It’s not often that you can call a horror movie intelligent. Derivative, ridiculous, violent, and over-the-top are much more common adjectives. Well, The Conjuring is not your common horror flick. Directed with finesse by James Wan, who also worked wonders with Insidious, the film surprises you by avoiding cheap trills and grounds its story, first and foremost, with strong characters.
As the film opens, we are introduced to two young women who are telling someone about the demonic force they are having to deal with in their apartment. The reveal is that the audience shouldn’t be paying attention to the two young women, but the two individuals they are telling their story to: Ed and Lorraine Warren (Patrick Wilson, Vera Farmiga). The married couple are paranormal investigators. It’s funny seeing Wilson reunite with his Insidious director in a completely different role. Instead of playing the terrorized family man, Wilson is on the other side playing the expert who comes in to help. Ed is a demonologist, while Lorraine is a clairvoyant who has had close encounters that have deeply effected her. Farmiga is wonderful here adding layers to Lorraine through simple moments. This is not a one-dimensional character that we usually see in horror films.

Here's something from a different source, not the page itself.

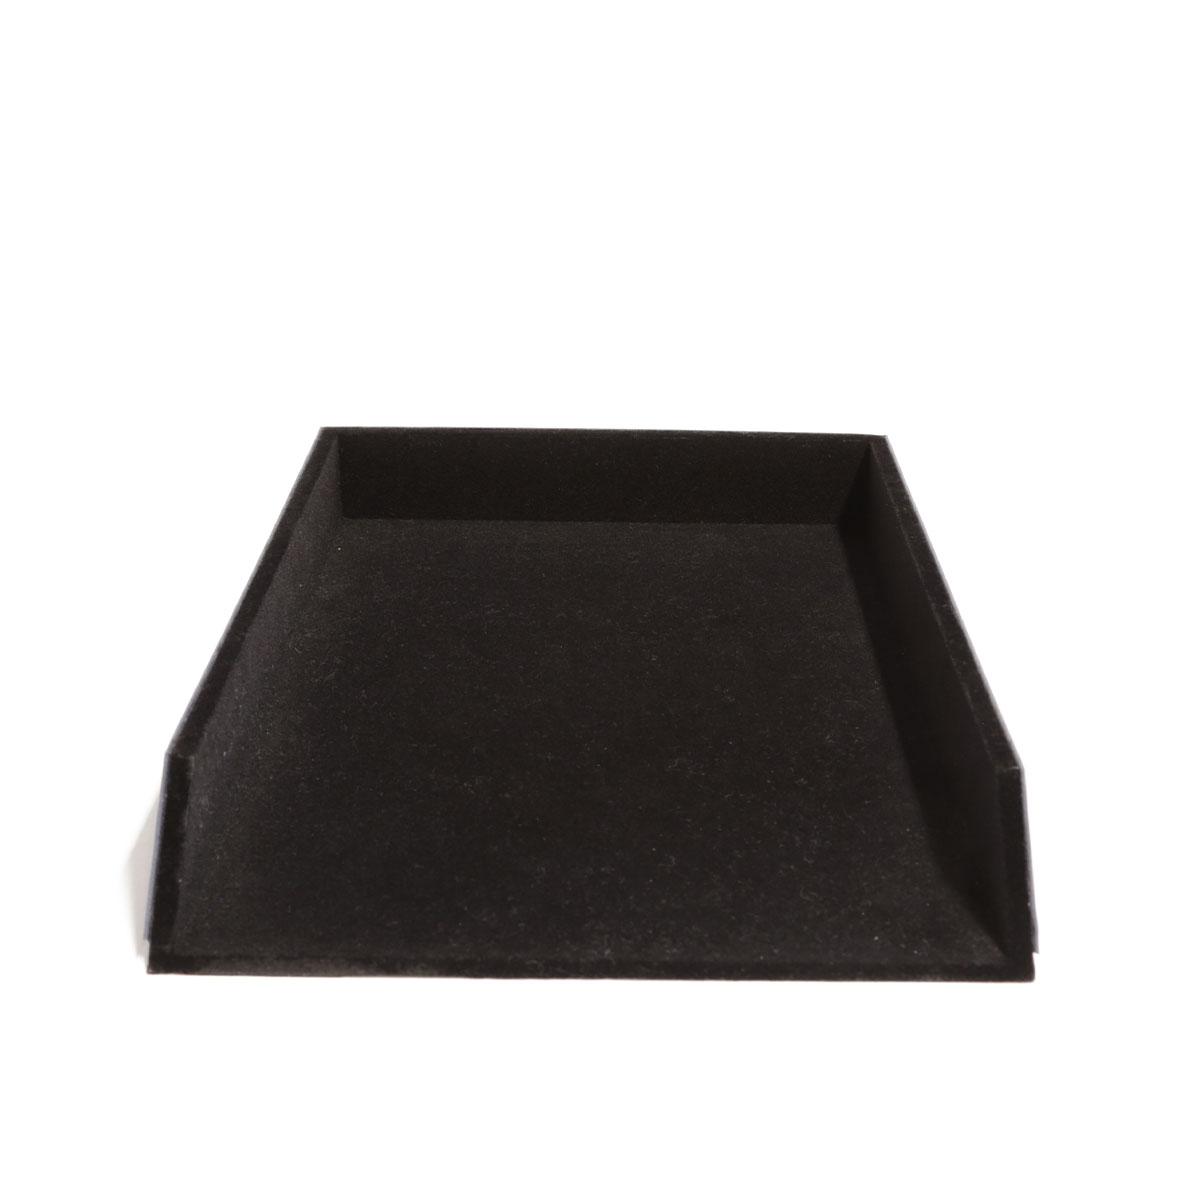 Caixa porta papel A4 (Savana Avelã)

While we learn a little about Ed and Lorraine, we are also simultaneously introduced to the Perron family. Their story is nothing new for a horror film. Carolyn and Roger Perron have just moved their 5 children into a big old house in the country because that’s all they can afford. The second they arrive, creepy things start happening. It’s a classic haunted house setup, but Wan never goes for the typical scare. With wide shots, long tracking shots, or shots that turn themselves 180 degrees, Wan shoots the film beautifully. He never forces the audience into a scare. There are no telegraphed moments that you see coming a mile away. He relies on sound, light, and some simple effects to make you jolt.

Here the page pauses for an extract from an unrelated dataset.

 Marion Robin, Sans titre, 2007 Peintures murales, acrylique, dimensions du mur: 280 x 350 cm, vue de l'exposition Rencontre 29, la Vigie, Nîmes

Carolyn Perron is played by an effective Lily Taylor, and you can’t help be reminded that Taylor co-starred in the godawful The Haunting alongside Catherine Zeta-Jones and Liam Neeson, which was an overblown, CGI mess. It makes you appreciate The Conjuring that much more that it avoids all that schlock.
The film slowly builds to a shocking climax featuring an exorcism that will leave you breathless. While Insidious kinda lost itself with its hokey third act, The Conjuring never loses its footing. By never abandoning its characters for cheap thrills, it truly scares you with its realism. I got goosebumps several times. It’s very apparent that when the script was written and Wan came abroad that the first focus was making a good movie before they worried about getting a few jumps out of the audience. That’s why The Conjuring works so well. It’s scarier because of it.